No Lowballs Accepted: Segro Rejects £12.6 Billion Takeover Attempt by US Rival Prologis
American big money tried to catch the UK's biggest warehouse landlord slipping, but the board told them to step correct.

The corporate players across the Atlantic are trying to make big moves, but UK warehouse giant Segro is not letting themselves get bought out on the cheap. This week, US property giant Prologis tried to swoop in with a massive £12.6 billion all-share takeover offer for Segro, which is a major player on the London FTSE 100. But Segro's board wasn't having it, unanimously rejecting the bid and telling the American firm that their offer falls a long way short of what the company is actually worth.
Prologis tried to bypass the bosses on Tuesday and went public with the offer on Wednesday, hoping Segro's shareholders would put pressure on the board to make a deal. They put up an all-share offer where Segro investors would get 0.084 of a Prologis share for every share they own, which sounds like 925p a share—a 24.6% premium over Tuesday's close. But Segro's board called it what it is: an opportunistic play to grab valuable assets while the market is in a weird spot.

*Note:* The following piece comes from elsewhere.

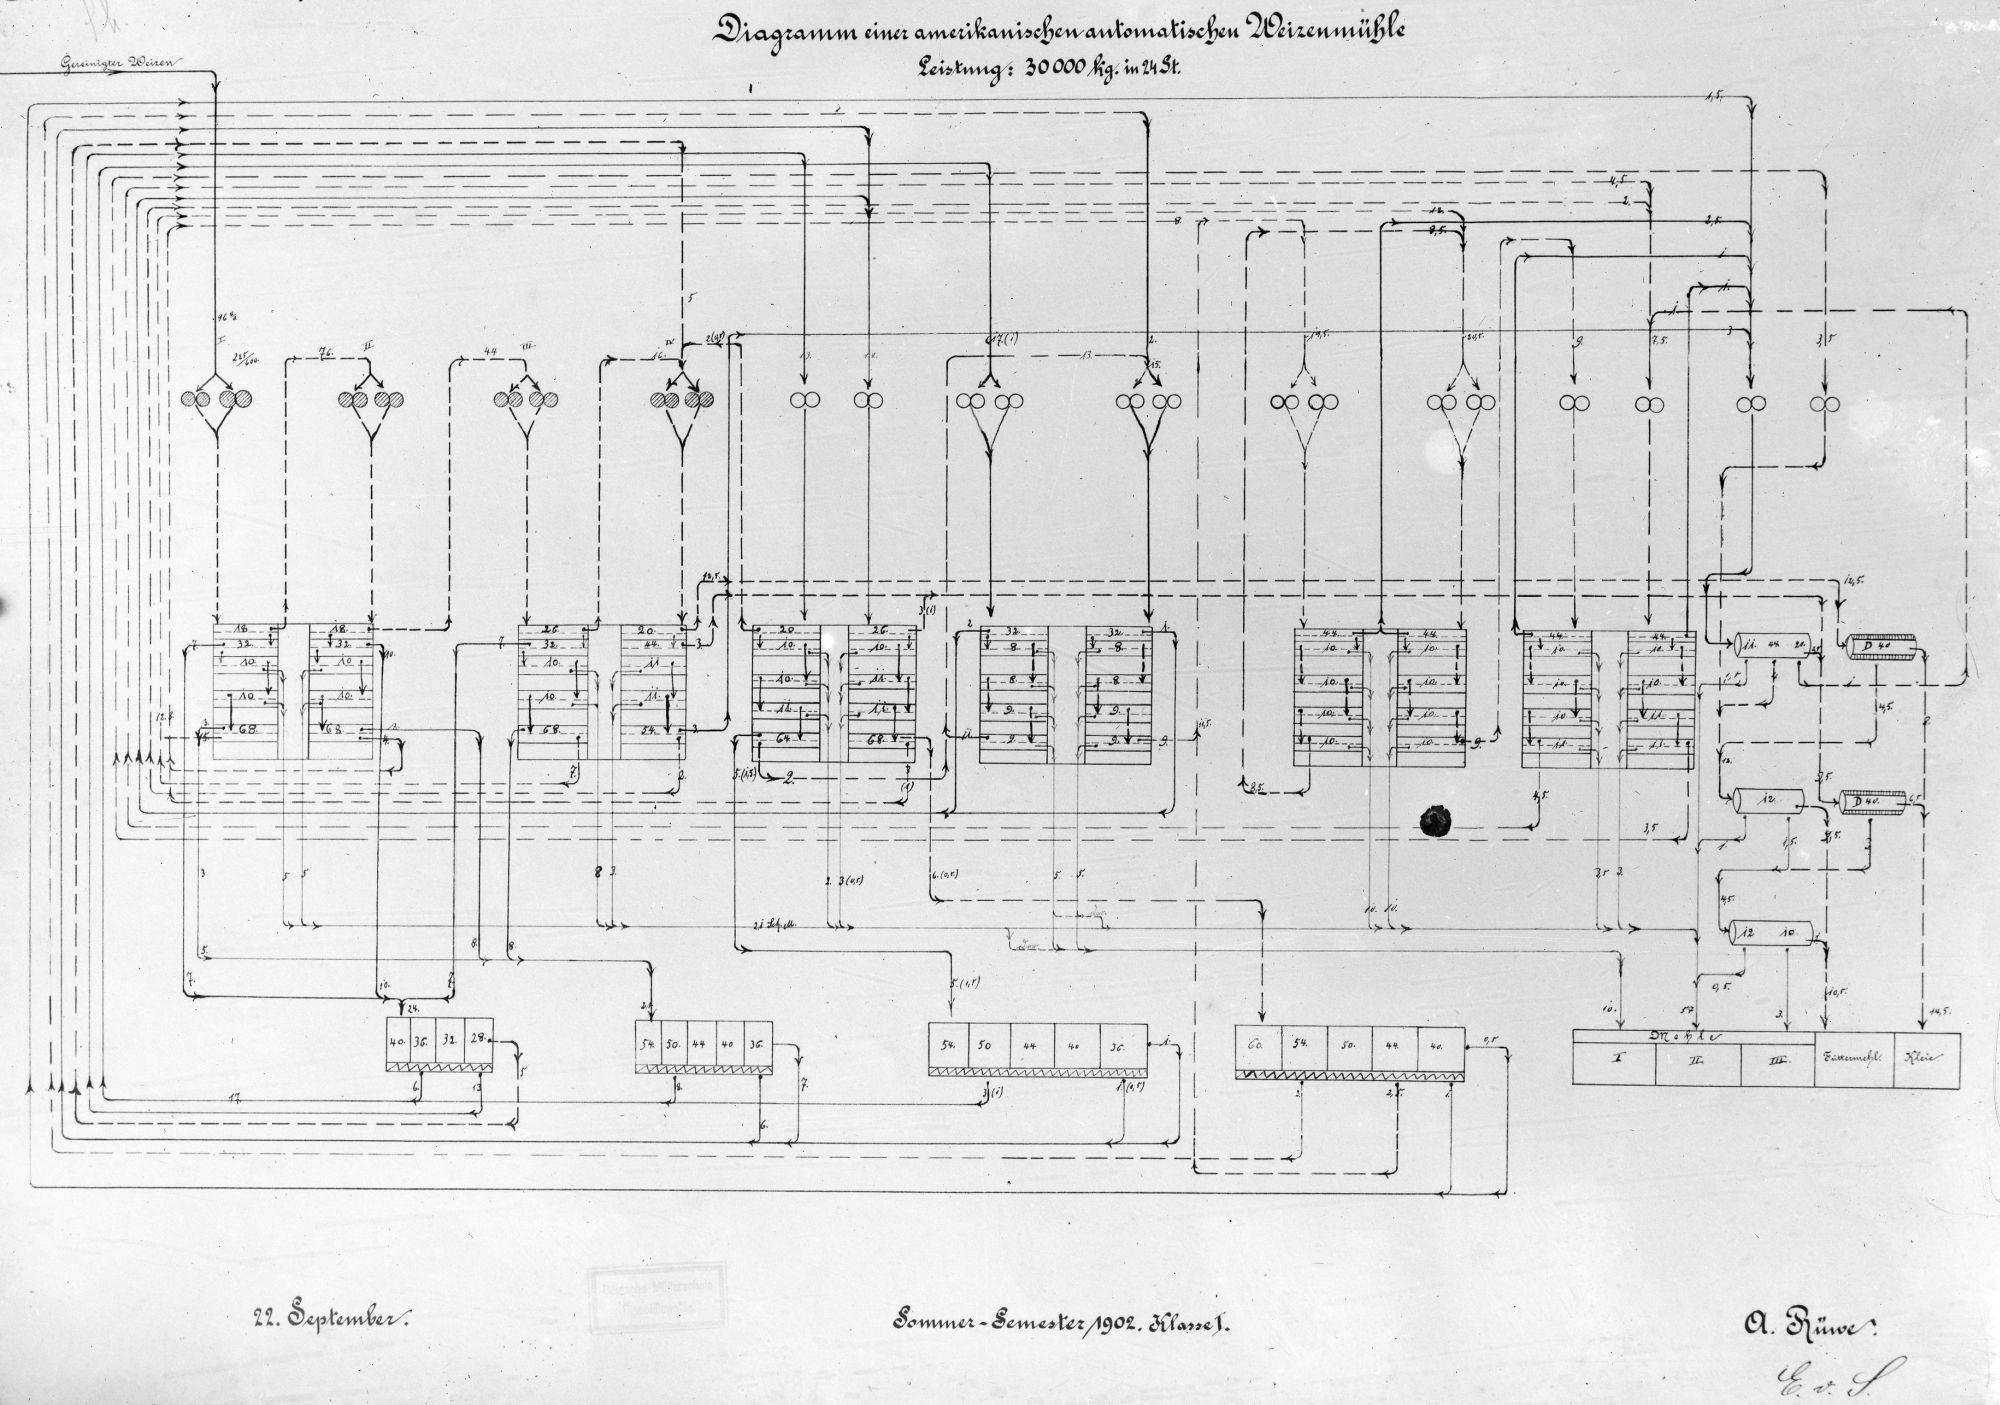 Diagramm einer amerikanischen automatischen Weizenmühle ...

Once the streets heard about the bid on Wednesday, Segro's stock went wild, jumping nearly 17.5% to close at 871p, making it the biggest riser on London's FTSE 100 for the day. Everybody knows Segro has the bag. They build those massive, cavernous warehouses that keep online shopping running, renting them out to heavy hitters like Amazon and Netflix. When you're the landlord for the biggest streaming and shipping services on earth, you don't just sell out to the first big offer that comes along.
This company has deep roots in the game, starting all the way back in 1920 as the Slough Trading Company on the edge of London, turning an old post-WWI military repair depot into a modern industrial estate. Over the last hundred years, they flipped that physical space into a digital goldmine. Today, that Slough estate is home to the second-largest portfolio of datacentres in the entire world. That's real power and real infrastructure, not some minor assets you trade away easily.
During the pandemic, when everyone was stuck at home ordering packages and streaming shows, Segro’s business went through the roof, and their stock peaked in late 2021. But since spring 2022, the market took a hit, and Segro’s shares dropped by about 40% from the peak. Segro's board points out that this drop is due to major geopolitical issues hurting UK and European real estate valuations, while US companies aren't feeling the same heat. They say Prologis is just trying to exploit this market dislocation to buy them out cheap.
Now, the experts are saying this move is going to shake up the whole UK property scene. Oli Creasey, the property research head at Quilter Cheviot, said this bid is sending ripples through the entire UK real estate investment trust sector, and it might put other British firms in the shop window for big foreign buyers. Meanwhile, Dan Coatsworth from AJ Bell says Segro’s massive datacentre pipeline is the real prize Prologis is chasing, but the US firm is going to have to bring real cash and a much better offer if they want to get this deal done.